Your reseller logs in at the separate reseller portal (a different URL from your main dashboard — they don’t see your shop’s data). Their dashboard has:
  • Overview — sales, balance, recent activity.
  • Links & Embeds — referral links and embeddable widgets they drop into their own websites with <script> tags.
  • Auto-Fulfill (Listings) — products they’ve listed, with their pricing.
  • Sales — their order history.
  • Stock — inventory they own (wholesale-mode only).
  • Payouts — request and track payouts to their gateway / wallet.
  • API — generate API keys scoped to fulfillments.read/write and balance.read. Used when they’re building their own integration.

Step 5 — Manage from your side

Back in your Customers → Resellers, each reseller has a row with:
  • Current balance, total sales, status (active / pending / suspended / terminated).
  • Analytics per reseller — sales count, revenue contributed.
  • Mode and commission override per reseller (e.g. one strategic reseller on 35% commission while default is 20%).
  • Approve / reject pending payout requests.
  • Suspend (temporary block from new sales) or terminate (permanent cutoff).

Common questions

“Can a customer also be a reseller?” Yes.
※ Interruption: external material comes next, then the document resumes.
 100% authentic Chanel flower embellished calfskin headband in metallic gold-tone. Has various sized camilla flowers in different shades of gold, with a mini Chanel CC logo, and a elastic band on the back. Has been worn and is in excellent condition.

The same person can hold a customer account on your shop and a separate reseller relationship — they’re distinct profiles linked by the same email. “Can a reseller have multiple stores connected to the same upstream?” They have one reseller relationship per shop they’re working with. To work with multiple upstream shops, they’re invited separately by each. “Stock transfers don’t fit my product.” That’s normal — physical-inventory style stock transfers only make sense for limited-pool products like serials/license keys. File-based products and subscriptions work in auto-fulfillment mode where there’s no stock to transfer.